Uncle Peter (may he rot in Hell) used to say that hopelessness had a scent unlike any other emotion, but Laura had never smelled it until they came into this building. They've been here three days and two nights, and they're still being bombarded with the scents of stale human waste, greasy food and acrid drugs, mold and decay. But there's this other smell, too, indescribable even by simile, so sharp and oozing that Laura has to breathe through her mouth to avoid wanting to vomit on every inhale. She thinks that may be hopelessness. Derek and Cora seem affected but not _this_ affected, so the alpha powers must be enhancing her sense of it. God, she wishes Mom were here to tell her this shit. She still needs to learn _so much_.

"I hate this place," Cora announces for the hundredth time. Derek doesn't roll his eyes, so he must feel the same way.
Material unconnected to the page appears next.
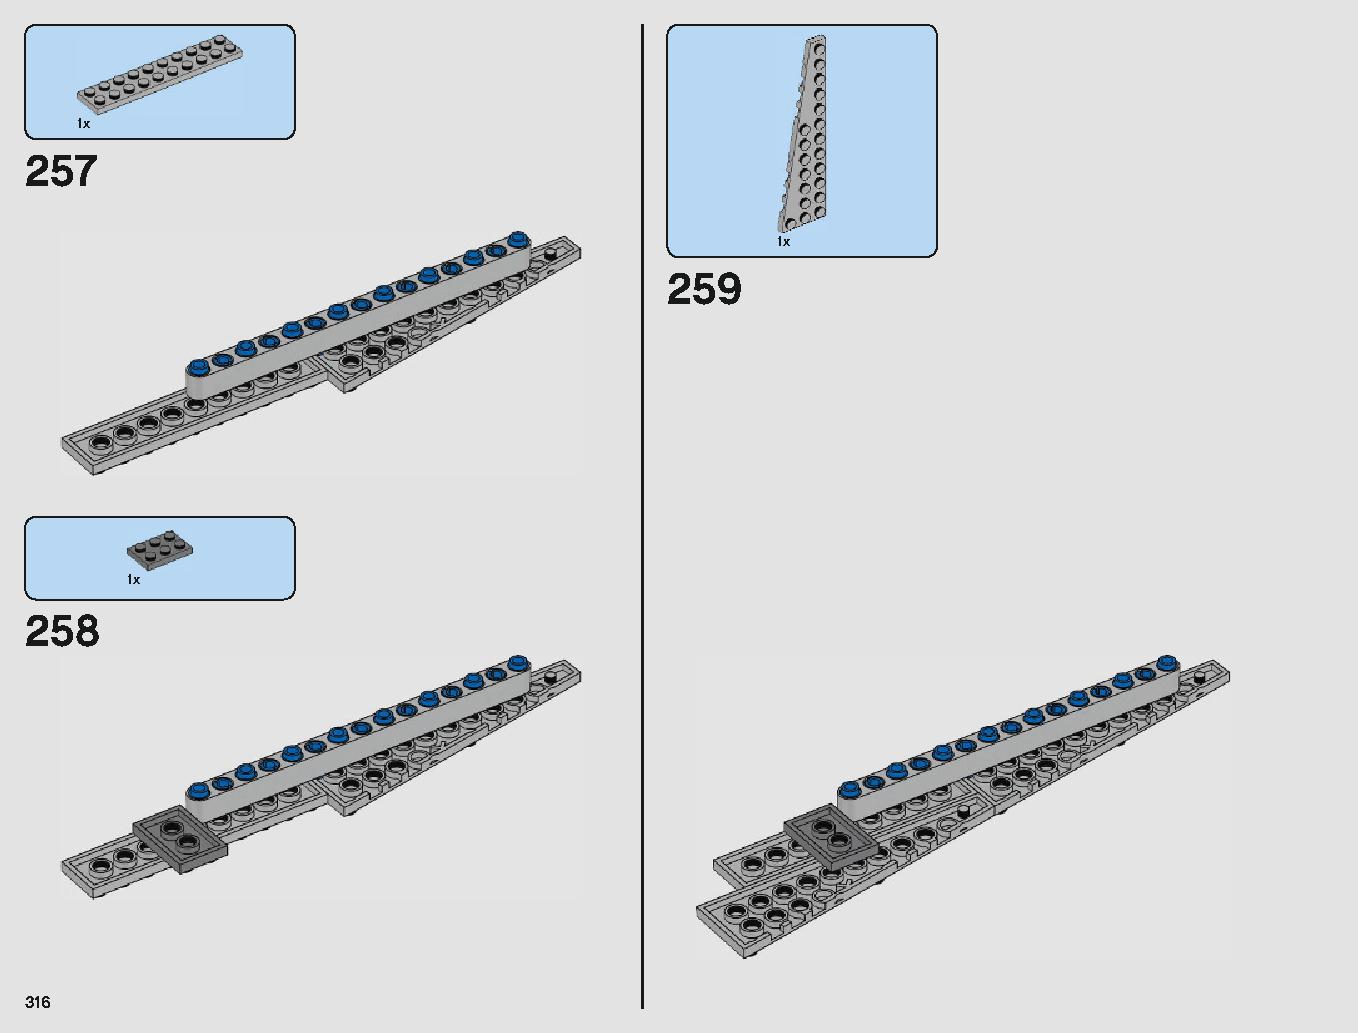 クラウド・シティ 75222 レゴの商品情報 レゴの説明書・組立方法 316 page

Laura's at her side instantly, arms around her bony shoulders, holding her close. "I know, Cora," she says in a poor imitation of Mom's alpha voice—and her mom voice. "I don't like it, either. It's just for a few more days, until we have access to our money and can get a real place. Okay?"

There'd been, strictly speaking, no real reason for them to come to New York. Kate's dead, so no one's coming after them. Peter's dead, so there's no one to punish. _Their entire family is dead_ — Laura pulls sharply back from that abyss. She has to hold it together. For her pack. As the last living members of the Beacon Hills branch of the Hale pack, they should've stayed to protect the territory. But they'd needed to get _away_ from Beacon Hills, where the smells of burnt timber and burning flesh waft on every breeze. Mike, their parents' financial advisor, moved to Brooklyn two years ago, and when Laura called him to explain the situation, he'd said, in a voice heavy with grief, "This conversation would best be carried out in person, if you can make it." They'd leapt at the excuse.

They know a couple people in New York, and Mom's supernatural network would jump to their aid the instant they asked. But Mom's contact list is in her office in Beacon Hills in a safe they can't open, and none of the people they know here have enough room for all three of them, and they are _adamant_ about staying together.

So they're here, in a Bed-Stuy brownstone abandoned mid-gentrification, with the clothes they'd been wearing and the money that'd been in their pockets the night of the fire. Cora'd had her backpack with her, so she has a few incidentals, and they stopped at a drug store in Nevada to pick up toothbrushes and deodorant, but generally speaking, "meager" is too generous a word to describe their possessions. Until Mike tells them how to access the family accounts, they'll have to make do with squatting.

There's a great rush of air, like enormous wings beating ( _like fire rushing through a building_ ), and a familiar sense of another supernatural being in the area. Laura and Derek exchange worried glances and then position themselves around Cora, Laura facing the door, Derek the window, prepared for attack from either direction.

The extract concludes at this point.